• **Task prompt**
Lines before the one containing "Туры в Норвегию с Uniktur" are not wanted; restate the rest below word for word, through the last line, but drop any pictures.

• **Supplied material**
-- Opening Marker --

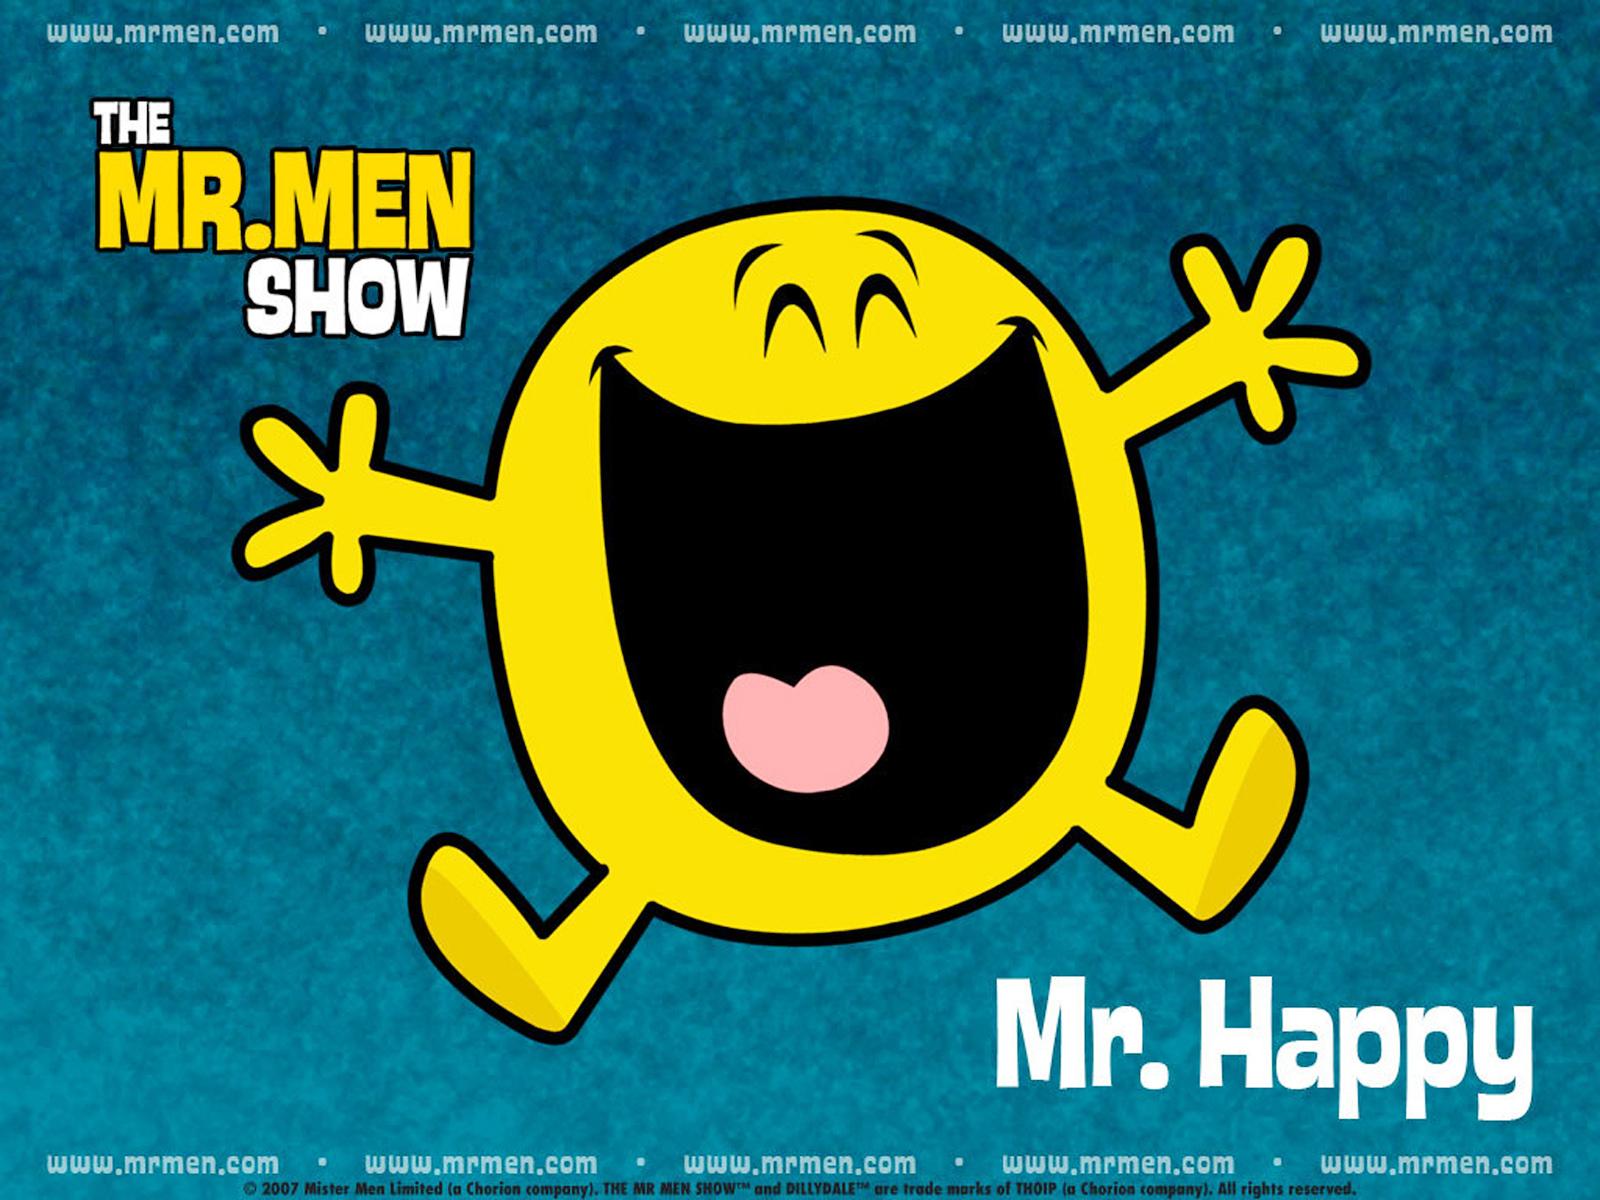 http://4.bp.blogspot.com/-akg3BLr7eMk/TpQzx963bfI/AAAAAAAADZk/crlDk66g1cQ/s1600/Mr_Men_Show_Wallpaperr_Vvallpaper.Net.jpg
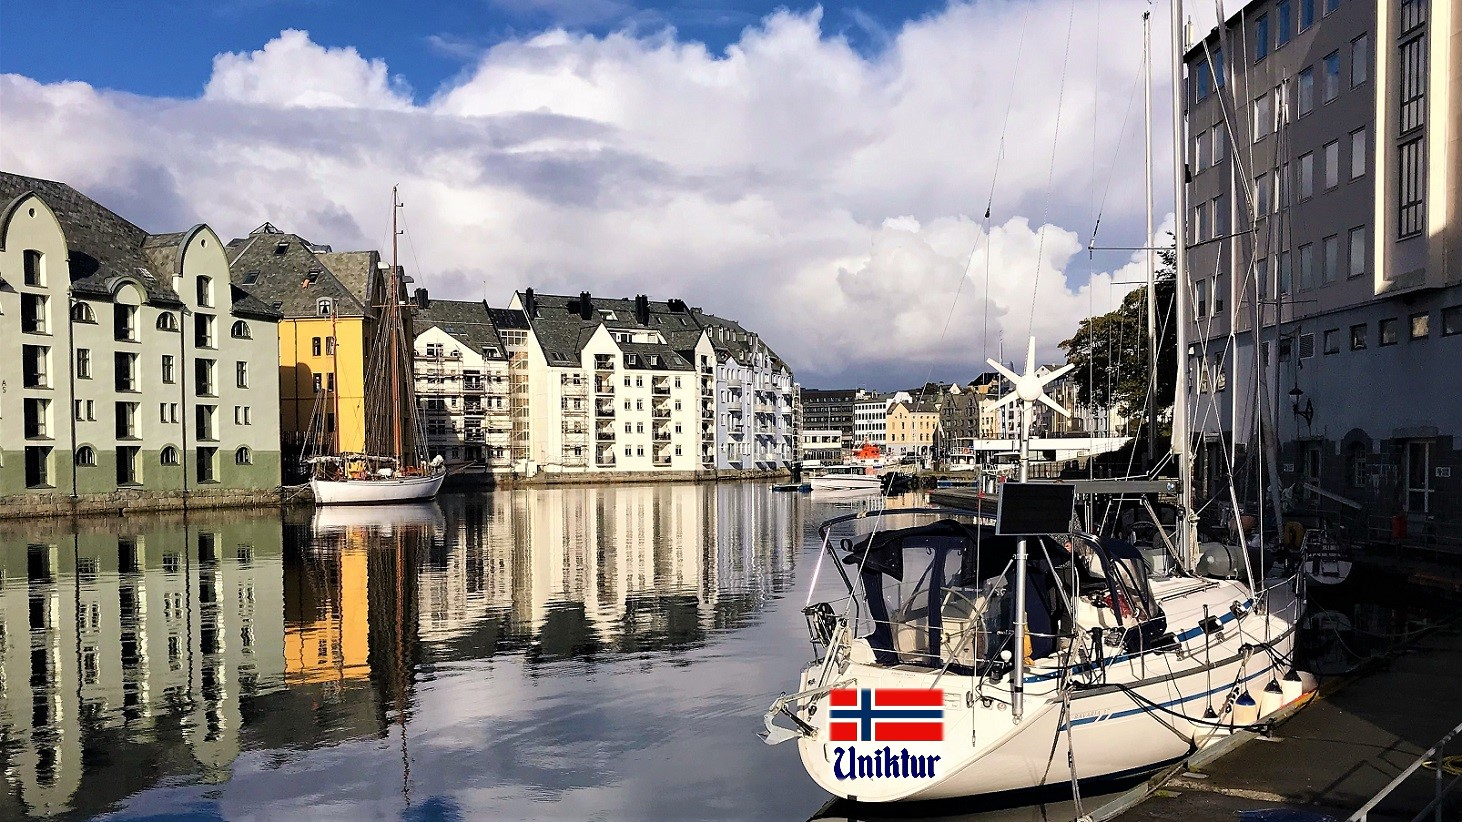 Туры в Норвегию с Uniktur
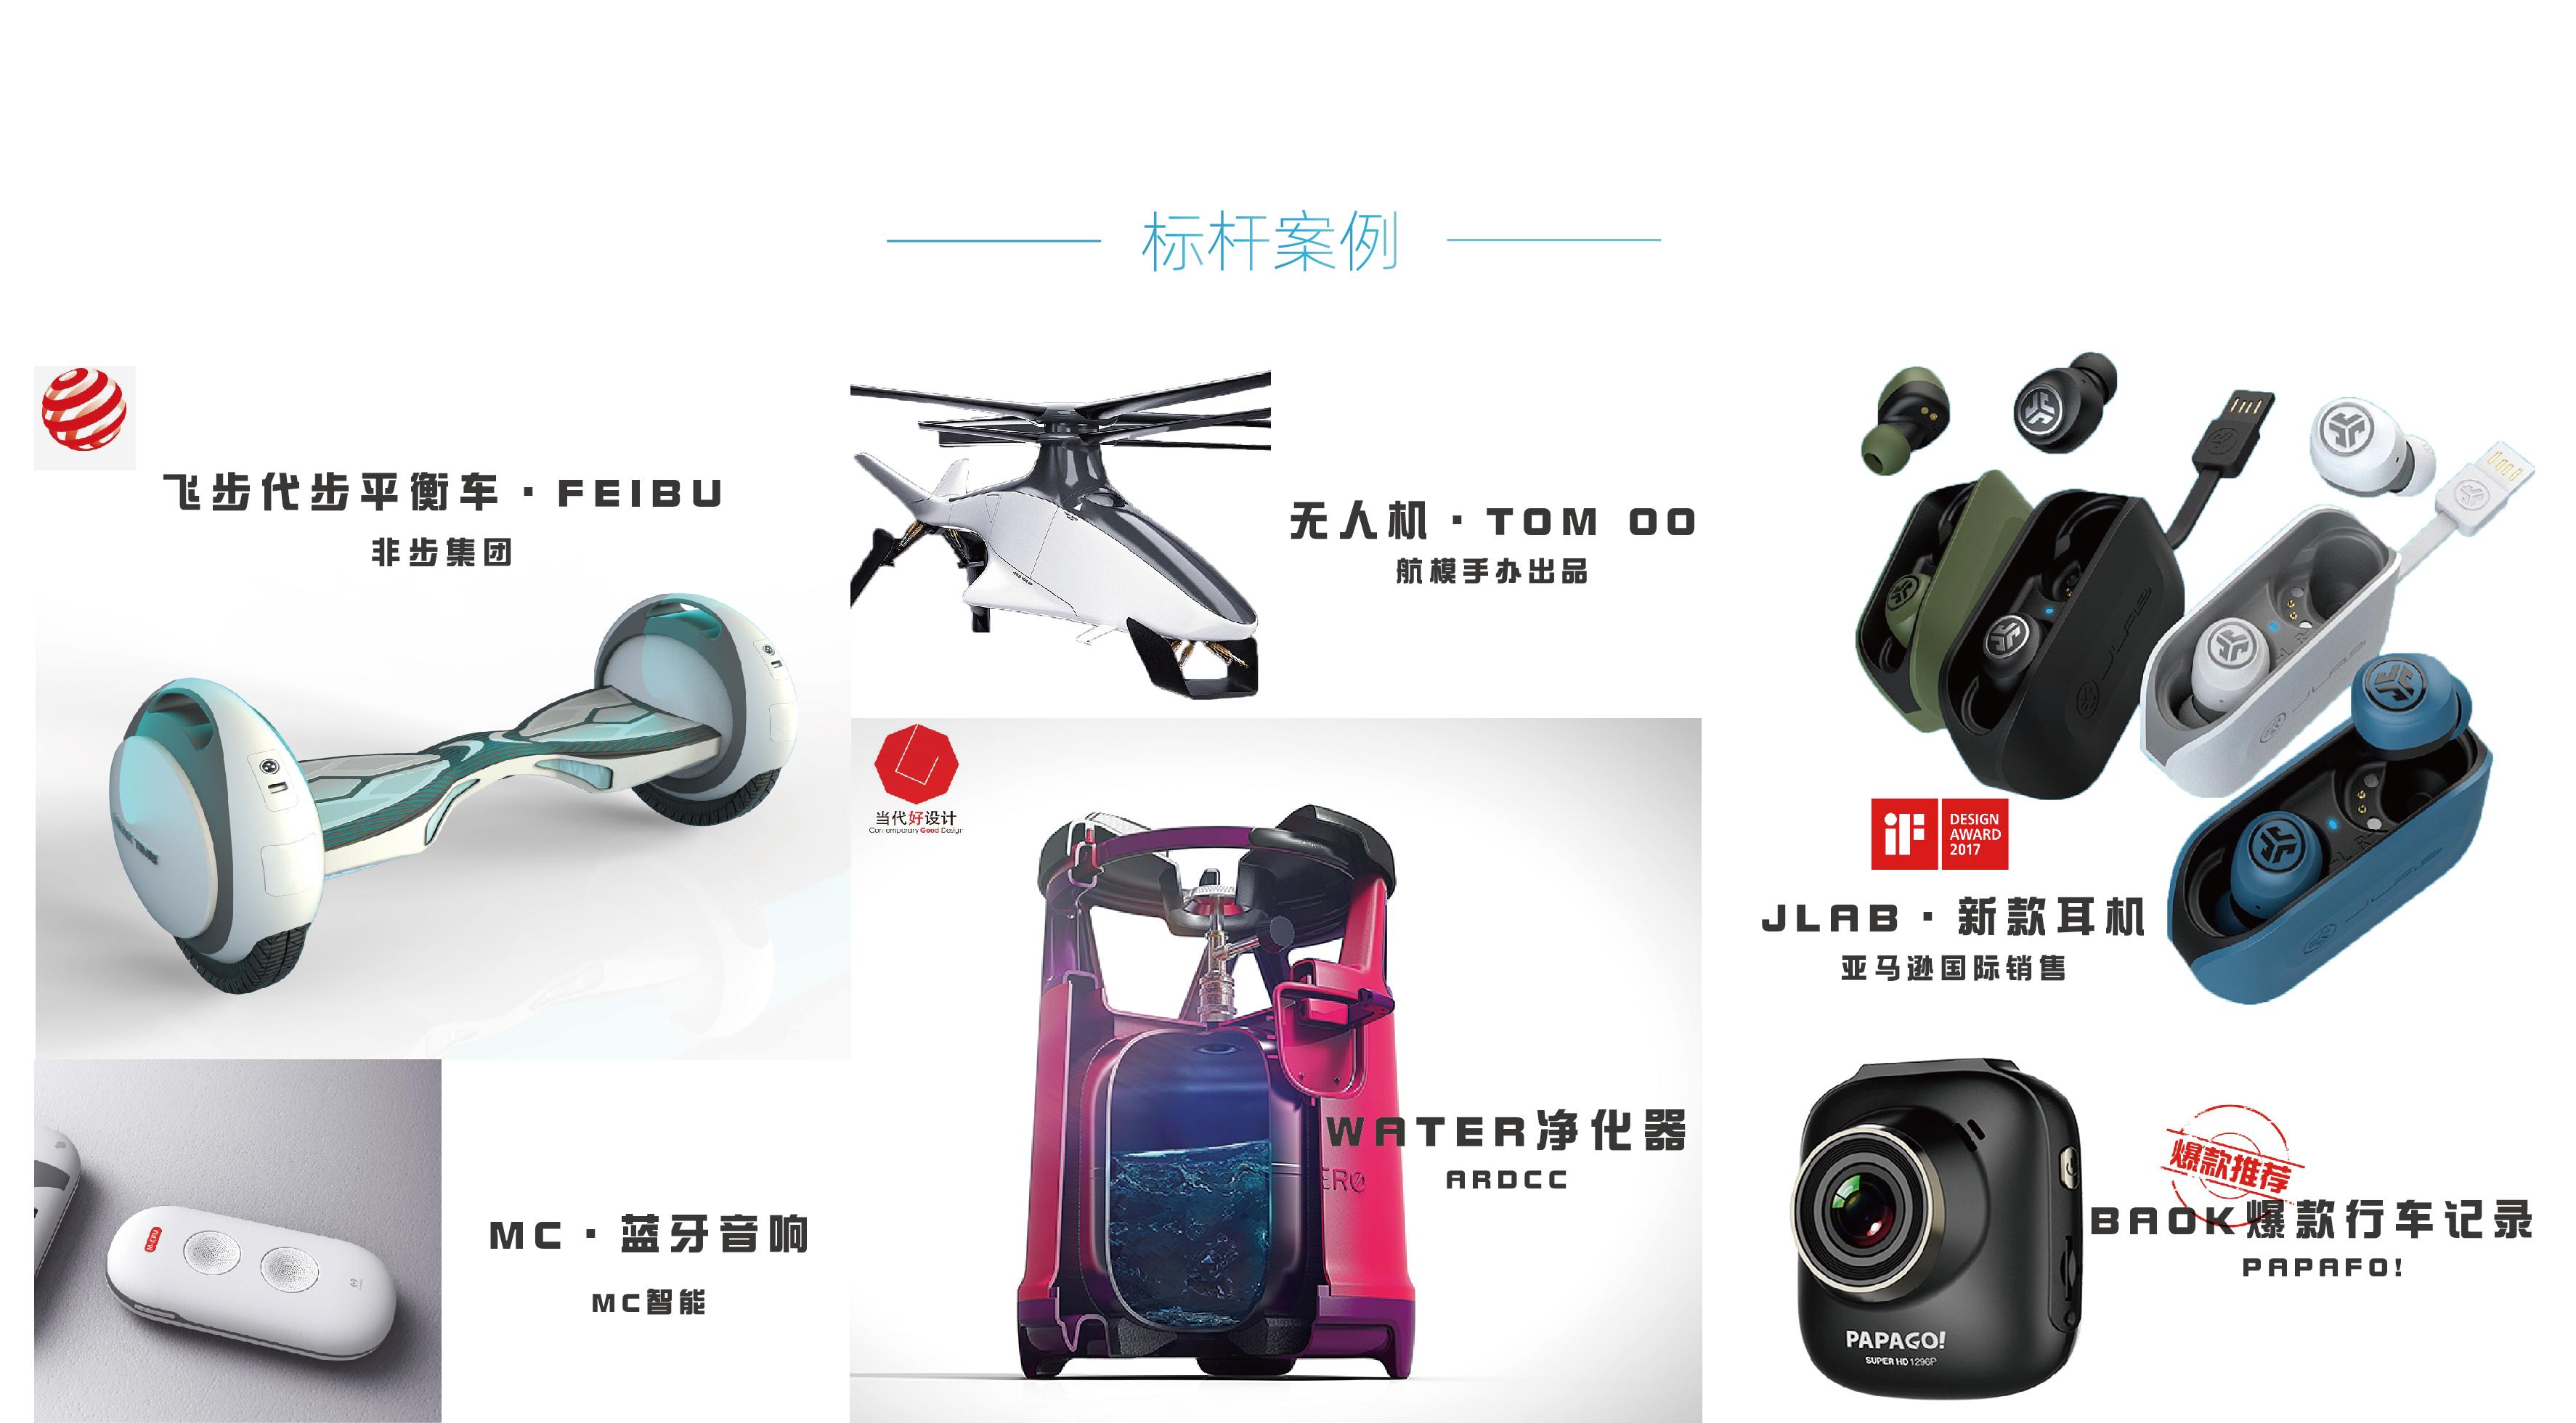 【工业魔方】创新设计产品外观设计结构设计工业设计产品造型设计

-- Closing Marker --

• **Task solution**
 Туры в Норвегию с Uniktur
 【工业魔方】创新设计产品外观设计结构设计工业设计产品造型设计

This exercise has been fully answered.